> [About this task] Every line from the one containing "3: Publiez régulièrement" down to the last line of the listing below should be restated exactly, and nothing else.
|---|
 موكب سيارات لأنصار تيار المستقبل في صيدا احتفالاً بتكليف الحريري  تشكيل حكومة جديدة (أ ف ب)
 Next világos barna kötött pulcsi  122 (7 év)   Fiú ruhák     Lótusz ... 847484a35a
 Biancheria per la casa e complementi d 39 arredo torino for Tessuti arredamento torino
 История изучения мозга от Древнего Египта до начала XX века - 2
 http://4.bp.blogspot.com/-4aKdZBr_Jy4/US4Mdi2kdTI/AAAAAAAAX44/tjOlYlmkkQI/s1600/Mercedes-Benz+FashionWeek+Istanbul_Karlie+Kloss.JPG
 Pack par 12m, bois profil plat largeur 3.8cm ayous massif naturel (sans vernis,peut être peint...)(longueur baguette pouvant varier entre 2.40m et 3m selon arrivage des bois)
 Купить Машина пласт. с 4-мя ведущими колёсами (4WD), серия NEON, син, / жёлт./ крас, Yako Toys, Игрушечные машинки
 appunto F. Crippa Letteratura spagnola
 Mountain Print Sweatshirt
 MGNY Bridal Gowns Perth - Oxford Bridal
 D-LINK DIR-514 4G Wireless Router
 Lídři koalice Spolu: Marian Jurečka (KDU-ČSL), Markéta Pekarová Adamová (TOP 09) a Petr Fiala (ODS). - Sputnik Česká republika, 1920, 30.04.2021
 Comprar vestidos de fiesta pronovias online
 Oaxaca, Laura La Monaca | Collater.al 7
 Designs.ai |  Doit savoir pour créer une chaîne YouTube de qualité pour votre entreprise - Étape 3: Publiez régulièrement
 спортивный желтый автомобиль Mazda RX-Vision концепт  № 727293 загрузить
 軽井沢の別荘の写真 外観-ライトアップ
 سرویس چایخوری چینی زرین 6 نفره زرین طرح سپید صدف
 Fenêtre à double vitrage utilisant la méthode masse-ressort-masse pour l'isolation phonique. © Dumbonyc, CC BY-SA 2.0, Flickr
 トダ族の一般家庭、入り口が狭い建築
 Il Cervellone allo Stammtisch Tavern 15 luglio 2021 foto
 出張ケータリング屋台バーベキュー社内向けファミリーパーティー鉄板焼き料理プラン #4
|---|
> [Exercise result]
 Designs.ai |  Doit savoir pour créer une chaîne YouTube de qualité pour votre entreprise - Étape 3: Publiez régulièrement
 спортивный желтый автомобиль Mazda RX-Vision концепт  № 727293 загрузить
 軽井沢の別荘の写真 外観-ライトアップ
 سرویس چایخوری چینی زرین 6 نفره زرین طرح سپید صدف
 Fenêtre à double vitrage utilisant la méthode masse-ressort-masse pour l'isolation phonique. © Dumbonyc, CC BY-SA 2.0, Flickr
 トダ族の一般家庭、入り口が狭い建築
 Il Cervellone allo Stammtisch Tavern 15 luglio 2021 foto
 出張ケータリング屋台バーベキュー社内向けファミリーパーティー鉄板焼き料理プラン #4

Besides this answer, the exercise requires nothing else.